TASK DIRECTIONS: Word for word, return the lines from the start of the entries below through the line that has "Best ideas about".

[RECORDS SUPPLIED Boundary: Start]

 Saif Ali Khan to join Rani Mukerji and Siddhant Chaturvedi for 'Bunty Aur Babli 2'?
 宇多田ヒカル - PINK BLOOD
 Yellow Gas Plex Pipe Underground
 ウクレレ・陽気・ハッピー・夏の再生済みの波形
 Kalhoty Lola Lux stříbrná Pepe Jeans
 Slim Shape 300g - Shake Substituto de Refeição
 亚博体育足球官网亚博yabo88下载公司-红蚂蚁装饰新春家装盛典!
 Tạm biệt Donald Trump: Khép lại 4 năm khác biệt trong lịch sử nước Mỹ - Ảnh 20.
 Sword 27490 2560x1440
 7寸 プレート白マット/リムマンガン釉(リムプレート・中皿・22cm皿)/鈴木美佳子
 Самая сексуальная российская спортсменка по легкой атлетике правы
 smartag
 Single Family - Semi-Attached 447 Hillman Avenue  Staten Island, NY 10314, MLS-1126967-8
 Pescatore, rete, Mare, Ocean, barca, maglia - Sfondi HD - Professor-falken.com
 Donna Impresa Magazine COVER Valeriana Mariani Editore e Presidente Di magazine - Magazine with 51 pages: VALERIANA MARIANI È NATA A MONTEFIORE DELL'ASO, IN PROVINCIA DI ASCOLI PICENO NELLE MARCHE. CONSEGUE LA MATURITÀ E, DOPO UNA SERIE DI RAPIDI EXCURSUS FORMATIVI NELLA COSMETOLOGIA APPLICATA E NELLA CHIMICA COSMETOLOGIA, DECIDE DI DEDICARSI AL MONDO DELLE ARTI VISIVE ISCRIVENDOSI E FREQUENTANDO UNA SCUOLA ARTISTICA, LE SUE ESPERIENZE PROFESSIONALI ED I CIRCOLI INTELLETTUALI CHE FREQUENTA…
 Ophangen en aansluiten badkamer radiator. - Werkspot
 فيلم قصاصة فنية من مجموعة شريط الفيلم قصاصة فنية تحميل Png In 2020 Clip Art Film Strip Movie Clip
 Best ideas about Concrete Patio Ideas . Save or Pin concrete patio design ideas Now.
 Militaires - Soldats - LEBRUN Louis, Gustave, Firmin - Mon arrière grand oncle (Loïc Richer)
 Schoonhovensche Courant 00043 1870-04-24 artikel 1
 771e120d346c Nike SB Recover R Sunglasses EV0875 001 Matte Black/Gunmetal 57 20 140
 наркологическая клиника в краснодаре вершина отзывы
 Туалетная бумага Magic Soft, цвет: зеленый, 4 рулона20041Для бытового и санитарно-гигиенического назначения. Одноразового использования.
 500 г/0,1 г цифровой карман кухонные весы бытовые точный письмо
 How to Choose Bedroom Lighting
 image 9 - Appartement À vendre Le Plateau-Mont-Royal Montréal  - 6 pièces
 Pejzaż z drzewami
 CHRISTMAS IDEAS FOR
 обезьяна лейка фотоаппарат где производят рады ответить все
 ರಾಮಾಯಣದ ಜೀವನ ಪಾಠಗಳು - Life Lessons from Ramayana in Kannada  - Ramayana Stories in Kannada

[RECORDS SUPPLIED Boundary: End]

ANSWER BOX:
 Saif Ali Khan to join Rani Mukerji and Siddhant Chaturvedi for 'Bunty Aur Babli 2'?
 宇多田ヒカル - PINK BLOOD
 Yellow Gas Plex Pipe Underground
 ウクレレ・陽気・ハッピー・夏の再生済みの波形
 Kalhoty Lola Lux stříbrná Pepe Jeans
 Slim Shape 300g - Shake Substituto de Refeição
 亚博体育足球官网亚博yabo88下载公司-红蚂蚁装饰新春家装盛典!
 Tạm biệt Donald Trump: Khép lại 4 năm khác biệt trong lịch sử nước Mỹ - Ảnh 20.
 Sword 27490 2560x1440
 7寸 プレート白マット/リムマンガン釉(リムプレート・中皿・22cm皿)/鈴木美佳子
 Самая сексуальная российская спортсменка по легкой атлетике правы
 smartag
 Single Family - Semi-Attached 447 Hillman Avenue  Staten Island, NY 10314, MLS-1126967-8
 Pescatore, rete, Mare, Ocean, barca, maglia - Sfondi HD - Professor-falken.com
 Donna Impresa Magazine COVER Valeriana Mariani Editore e Presidente Di magazine - Magazine with 51 pages: VALERIANA MARIANI È NATA A MONTEFIORE DELL'ASO, IN PROVINCIA DI ASCOLI PICENO NELLE MARCHE. CONSEGUE LA MATURITÀ E, DOPO UNA SERIE DI RAPIDI EXCURSUS FORMATIVI NELLA COSMETOLOGIA APPLICATA E NELLA CHIMICA COSMETOLOGIA, DECIDE DI DEDICARSI AL MONDO DELLE ARTI VISIVE ISCRIVENDOSI E FREQUENTANDO UNA SCUOLA ARTISTICA, LE SUE ESPERIENZE PROFESSIONALI ED I CIRCOLI INTELLETTUALI CHE FREQUENTA…
 Ophangen en aansluiten badkamer radiator. - Werkspot
 فيلم قصاصة فنية من مجموعة شريط الفيلم قصاصة فنية تحميل Png In 2020 Clip Art Film Strip Movie Clip
 Best ideas about Concrete Patio Ideas . Save or Pin concrete patio design ideas Now.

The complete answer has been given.